Measuring what matters in education is a vitally important public policy issue fraught with controversy. Since 2000, the Organization for Economic Cooperation and Development (OECD) has succeeded through the Program of International Student Assessment (PISA) in establishing the global benchmark for student achievement in the fundamentals of reading, mathematics and science. Over sixty countries have come together to support student achievement testing and most participating nations have developed comparable national and state/provincial cyclical assessment programs. That global consensus is now under fire by a revivified movement of  North American educators purporting to be ‘education progressives.’

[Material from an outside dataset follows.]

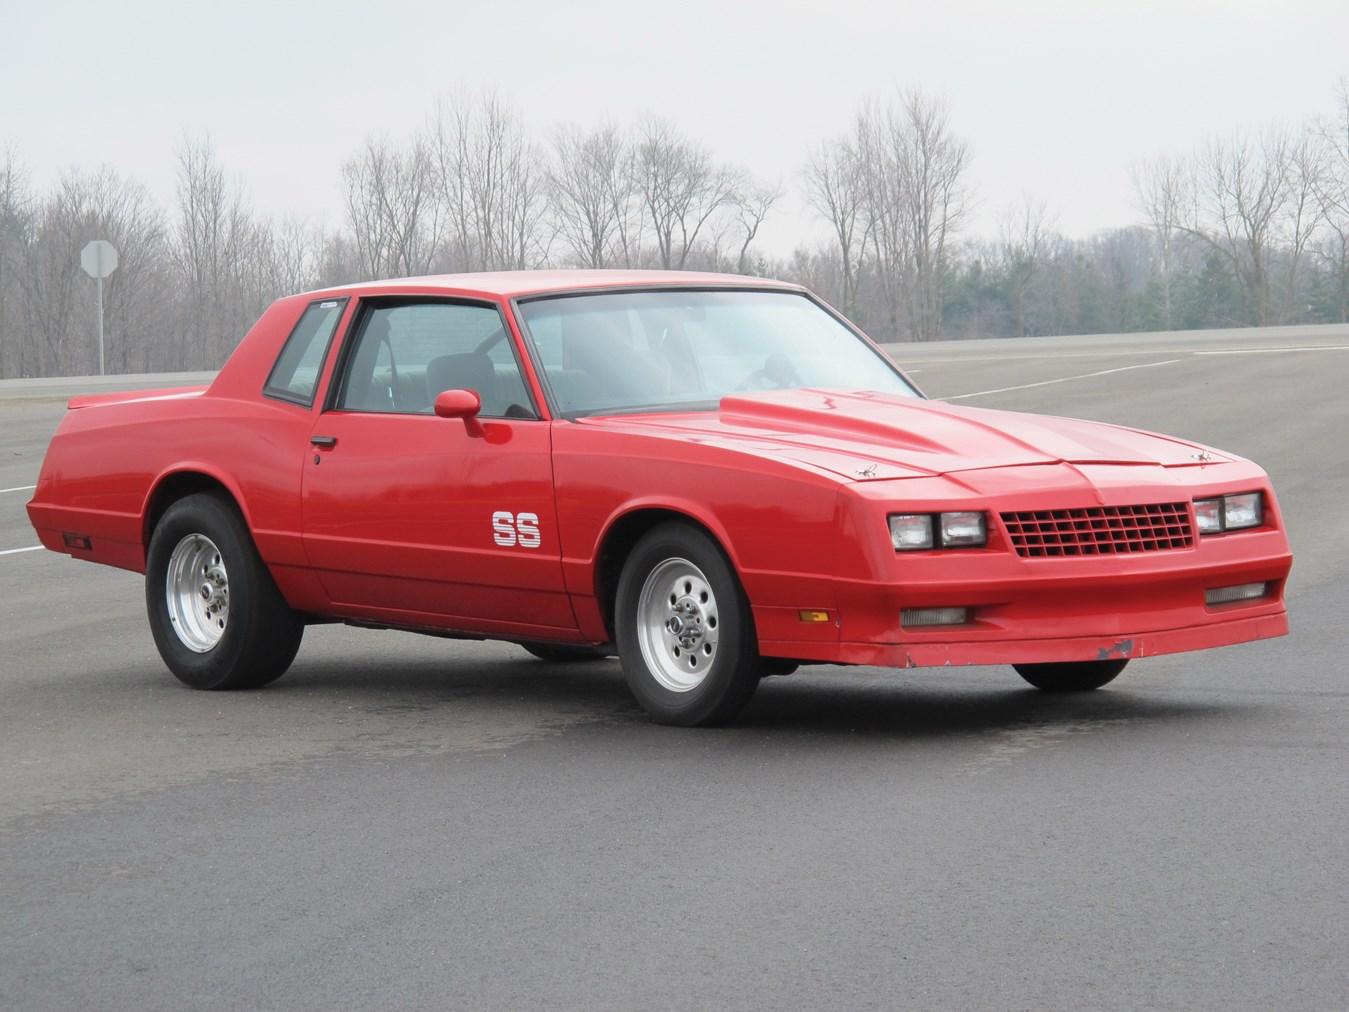 RM Sotheby\'s - 1983 Chevrolet Monte Carlo Drag Car   Auburn Spring 2011

OntarioStudentVision2014“Measuring What Matters” movement has arisen attempting to “broaden the measures of success,” but essentially committed to either “soften” the standards or banish standardized testing all together.  The Ontario Broader Success project, initiated by Annie Kidder and People for Education, is in the vanguard of the attempt to water down student testing by incorporating “softer” competencies and socially progressive attitudes.  A growing band of North American education progressives, endorsed by education gadfly Alfie Kohn, issued a May 6, 2014 OECD PISA Letter objecting to ” the negative consequences of the PISA rankings” and claiming that “measuring a great diversity of educational traditions and cultures using a single, narrow, biased yardstick could, in the end, do irreparable harm to our schools and our students.”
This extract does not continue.